**Exercise description**: Your answer must be the full listing below, repeated exactly, with no pictures in it.

**Information provided**:
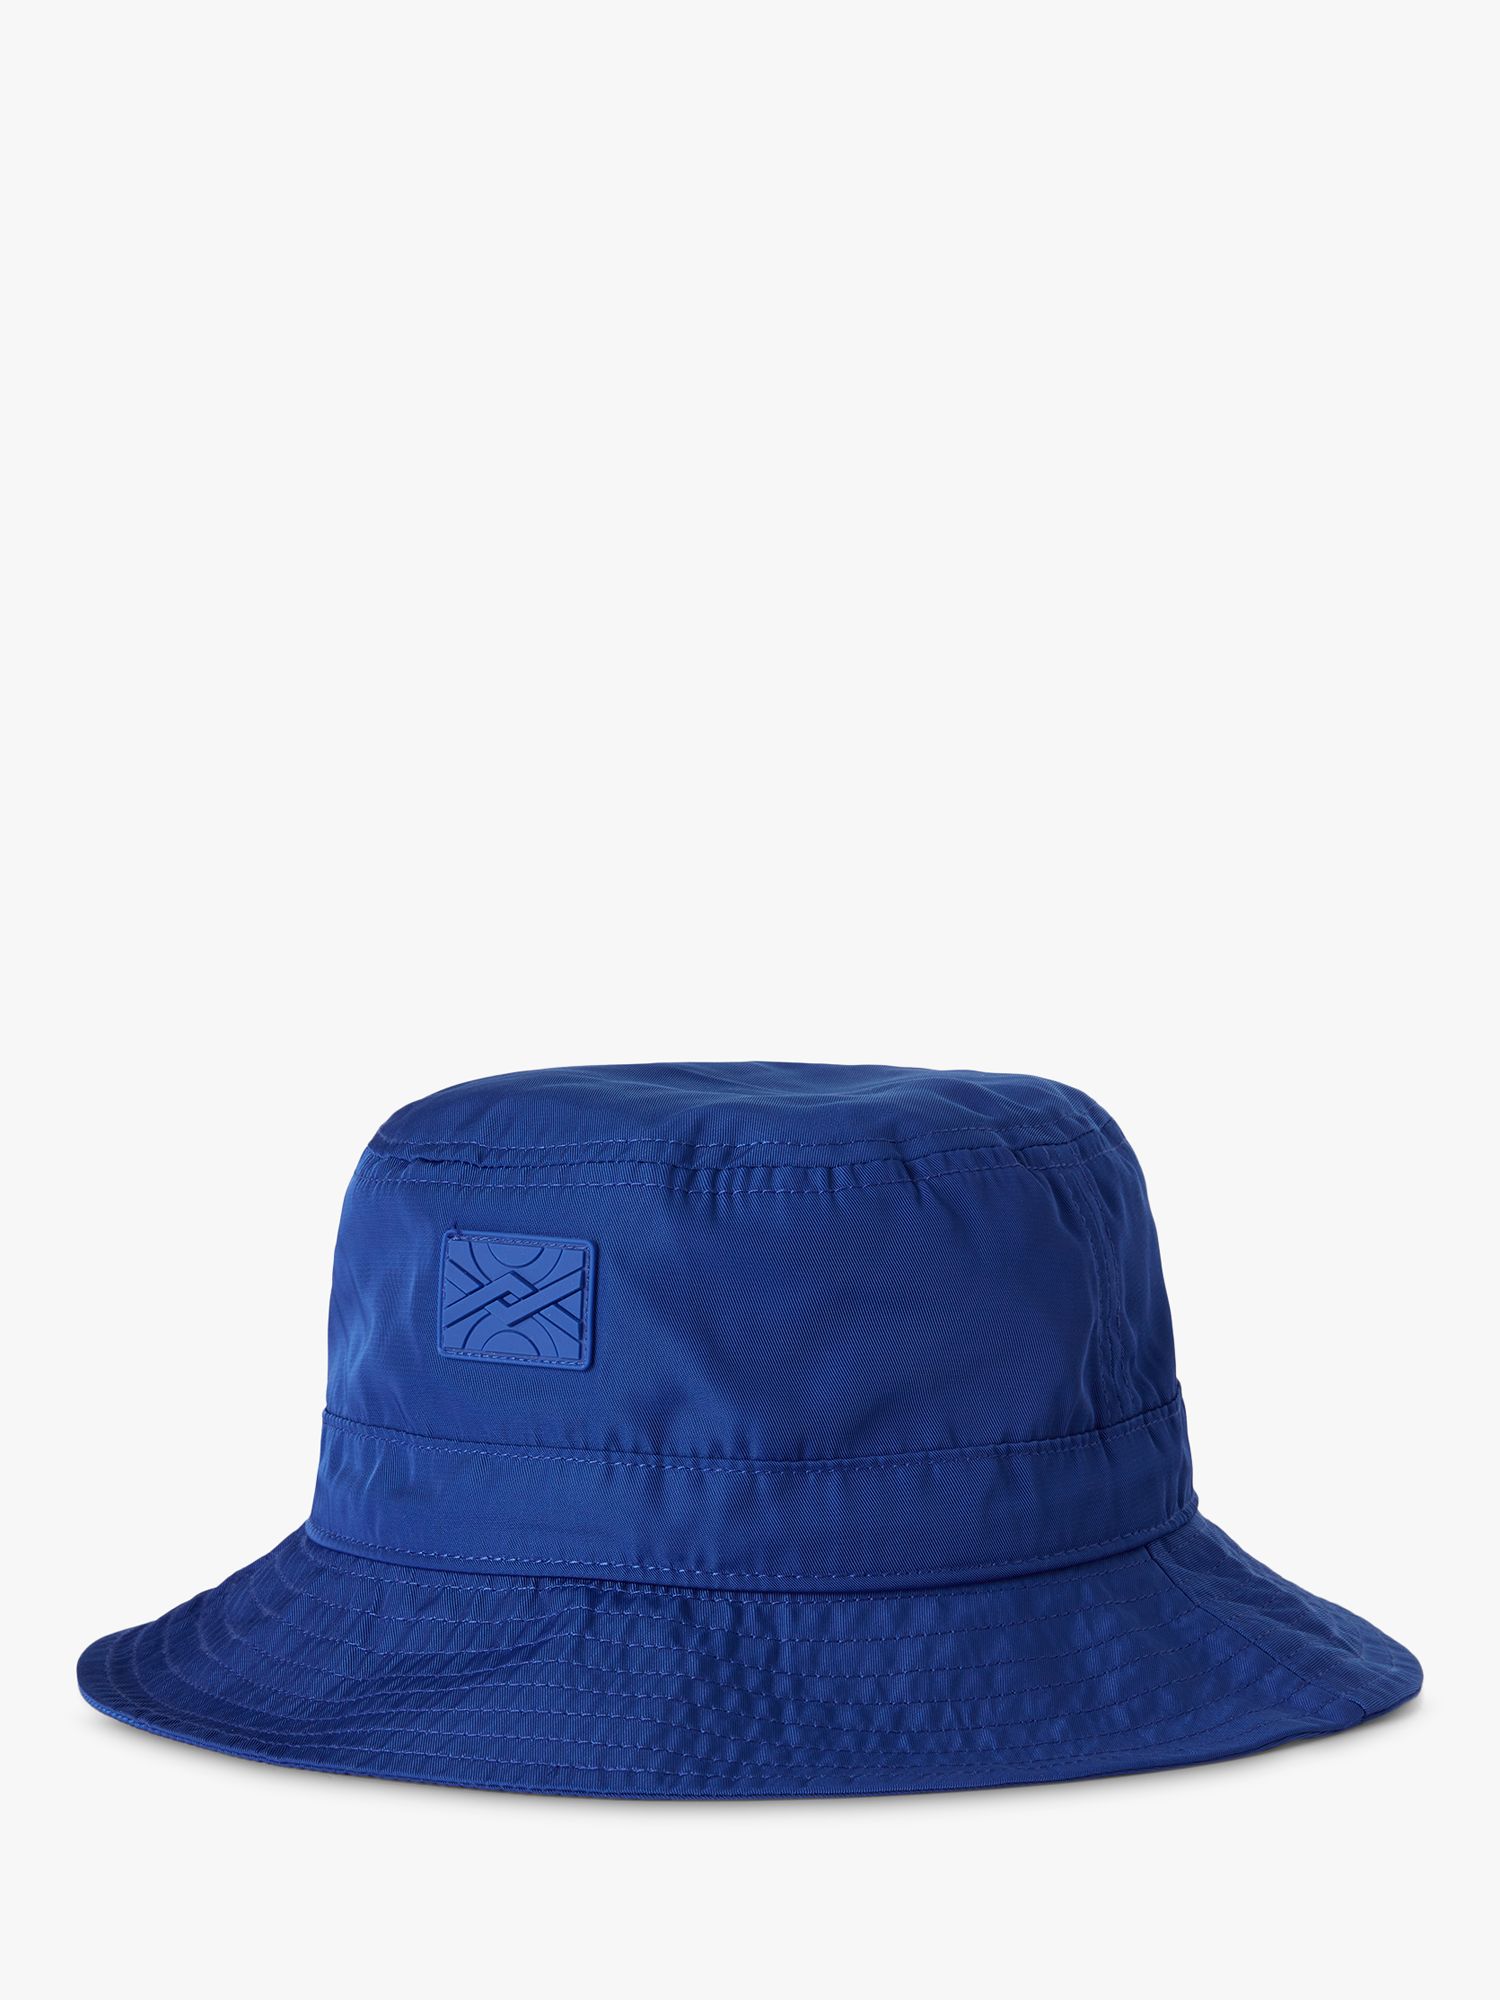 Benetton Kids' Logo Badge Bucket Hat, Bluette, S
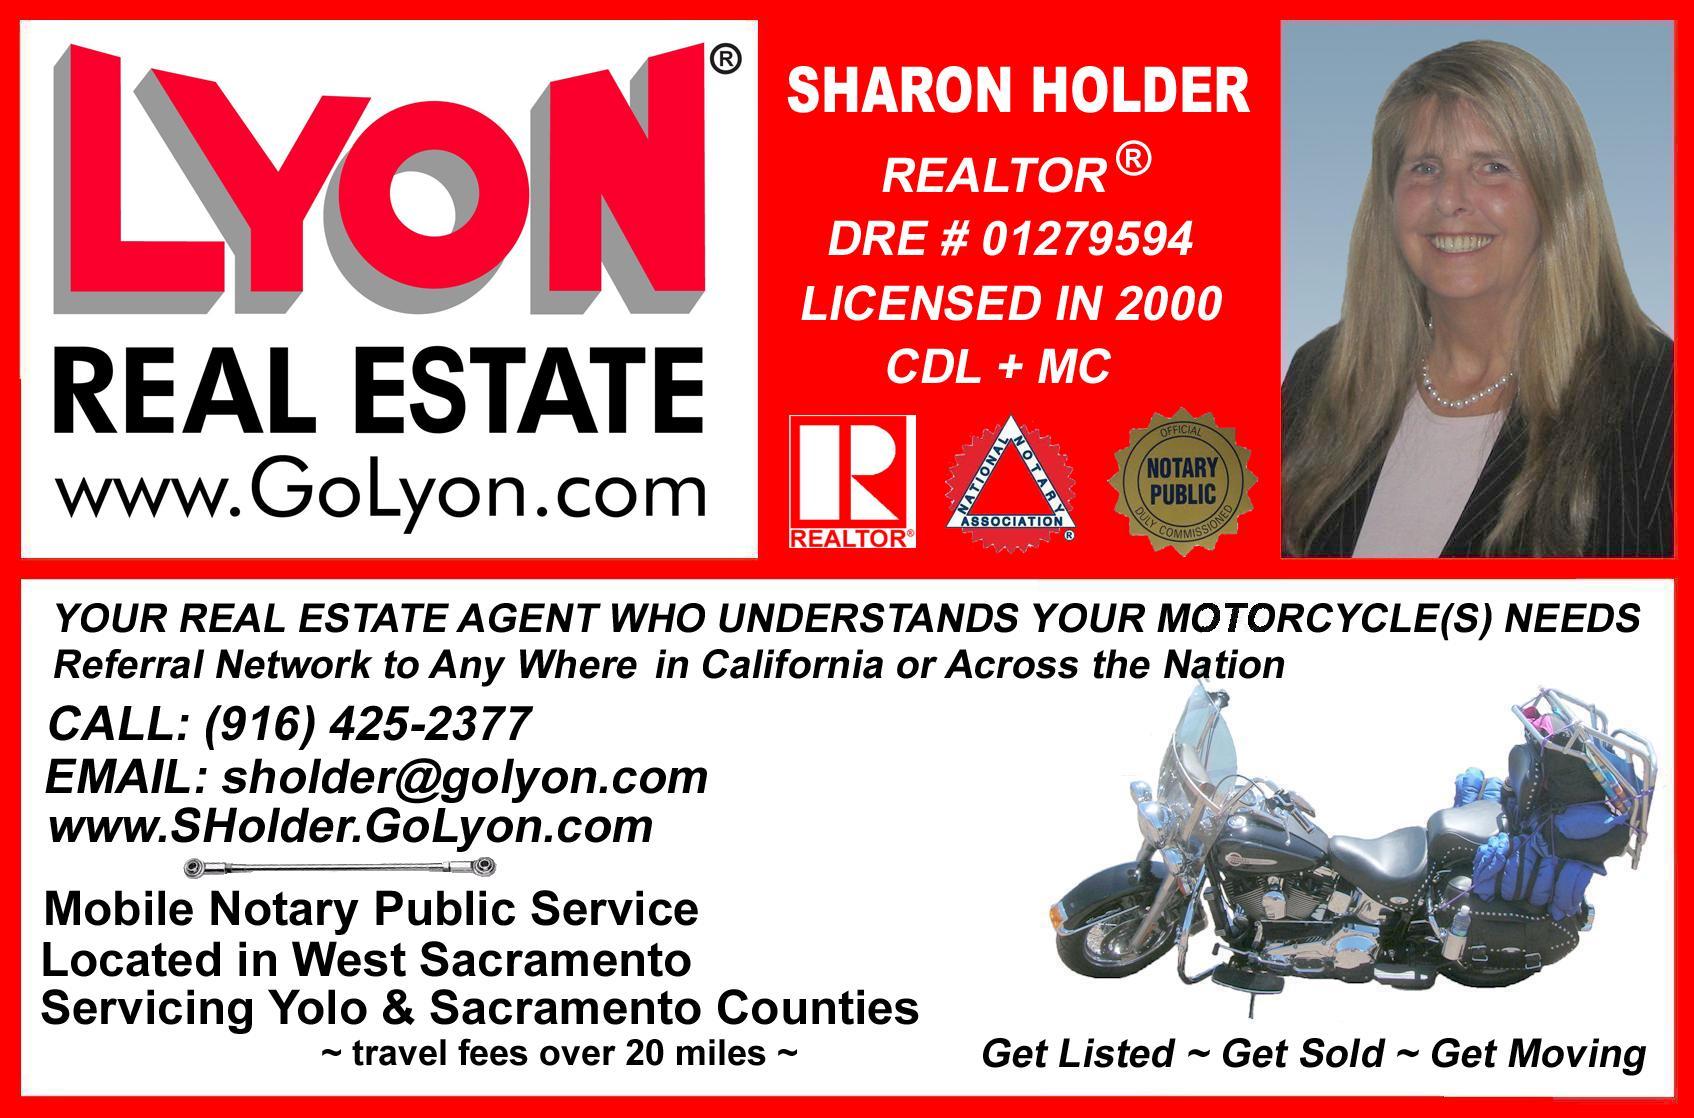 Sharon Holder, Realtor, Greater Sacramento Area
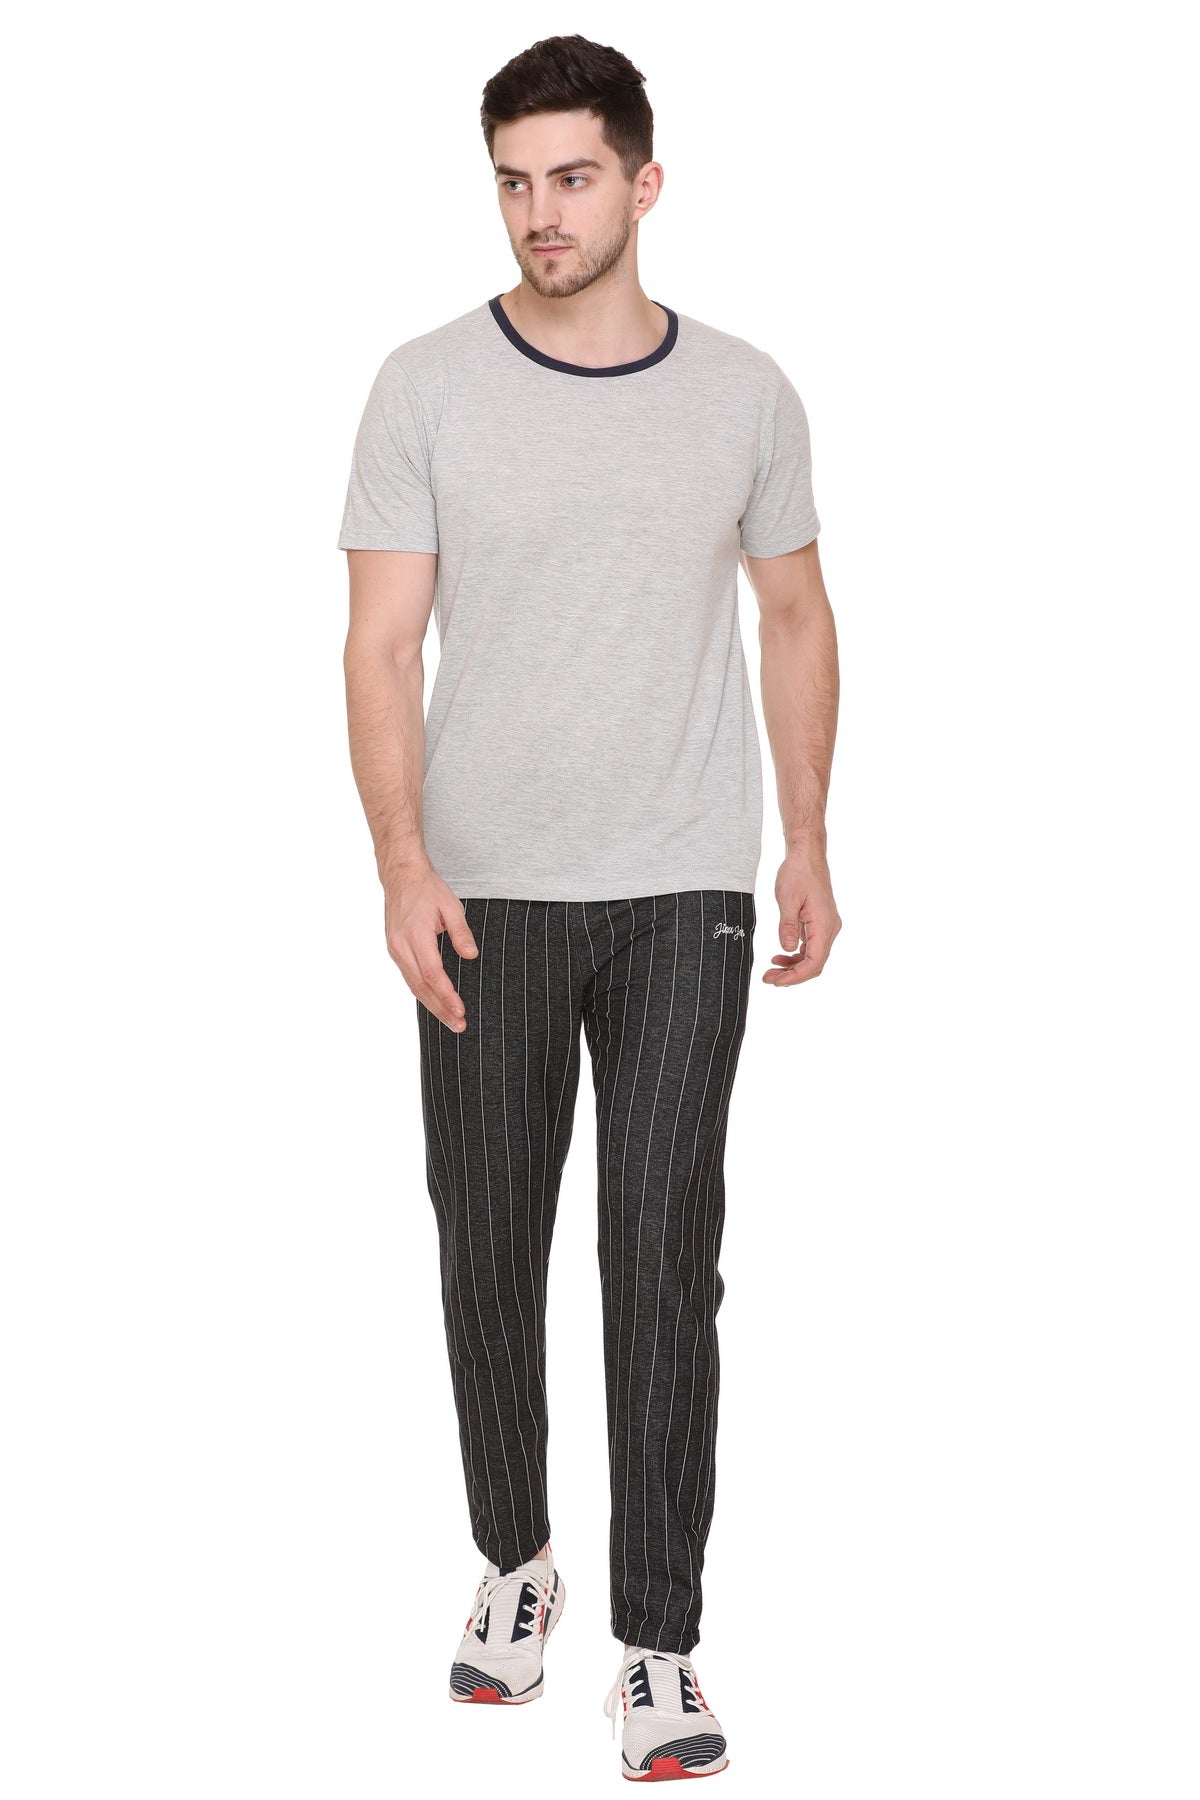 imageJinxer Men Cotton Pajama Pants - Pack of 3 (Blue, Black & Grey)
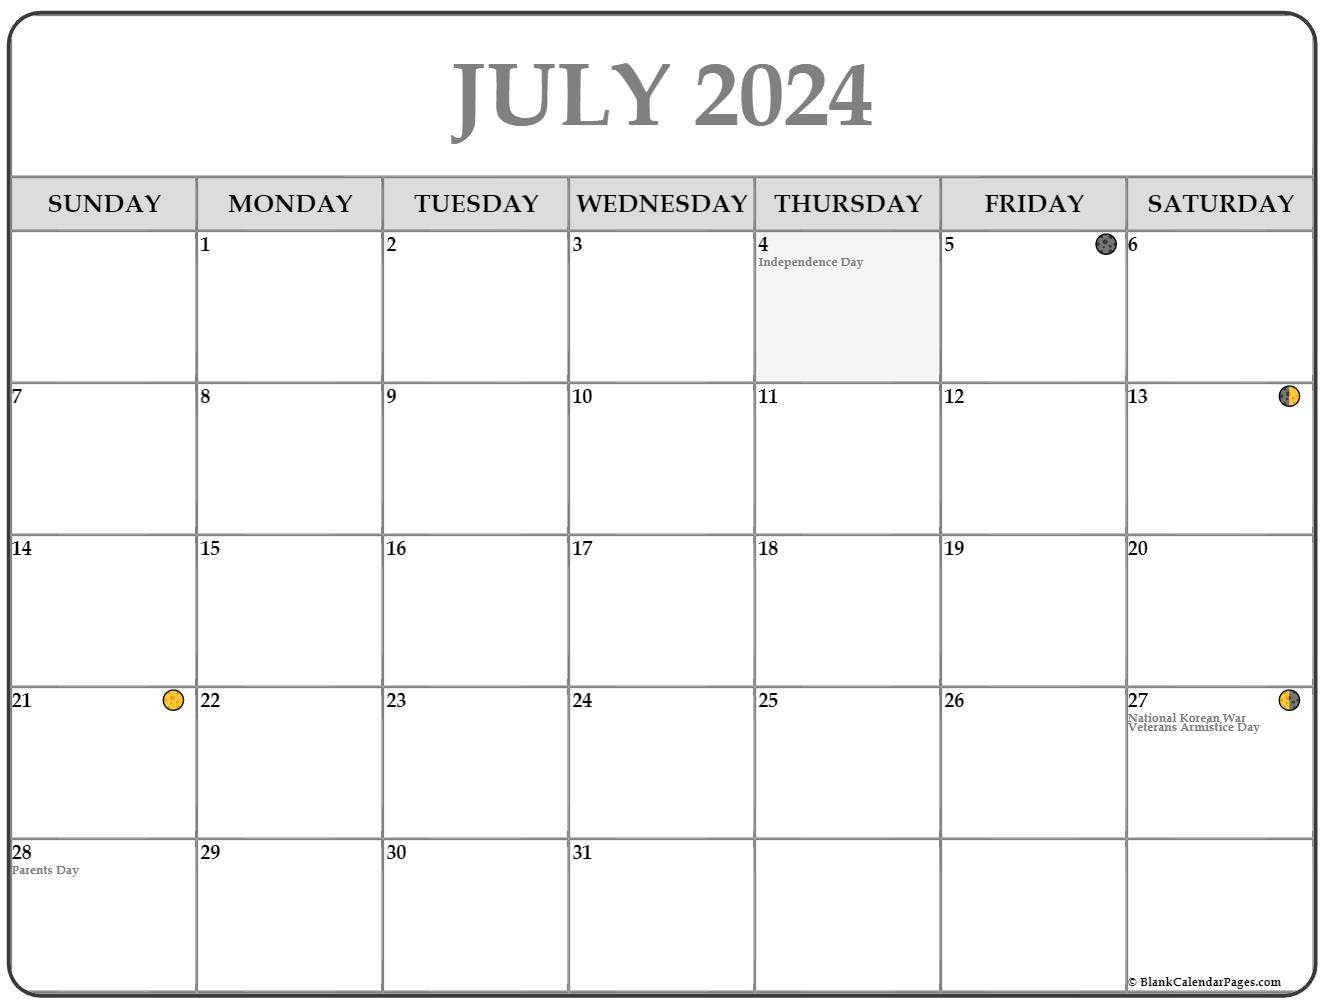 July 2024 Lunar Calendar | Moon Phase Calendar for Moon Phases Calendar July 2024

**Reply**:
 Benetton Kids' Logo Badge Bucket Hat, Bluette, S
 Sharon Holder, Realtor, Greater Sacramento Area
 imageJinxer Men Cotton Pajama Pants - Pack of 3 (Blue, Black & Grey)
 July 2024 Lunar Calendar | Moon Phase Calendar for Moon Phases Calendar July 2024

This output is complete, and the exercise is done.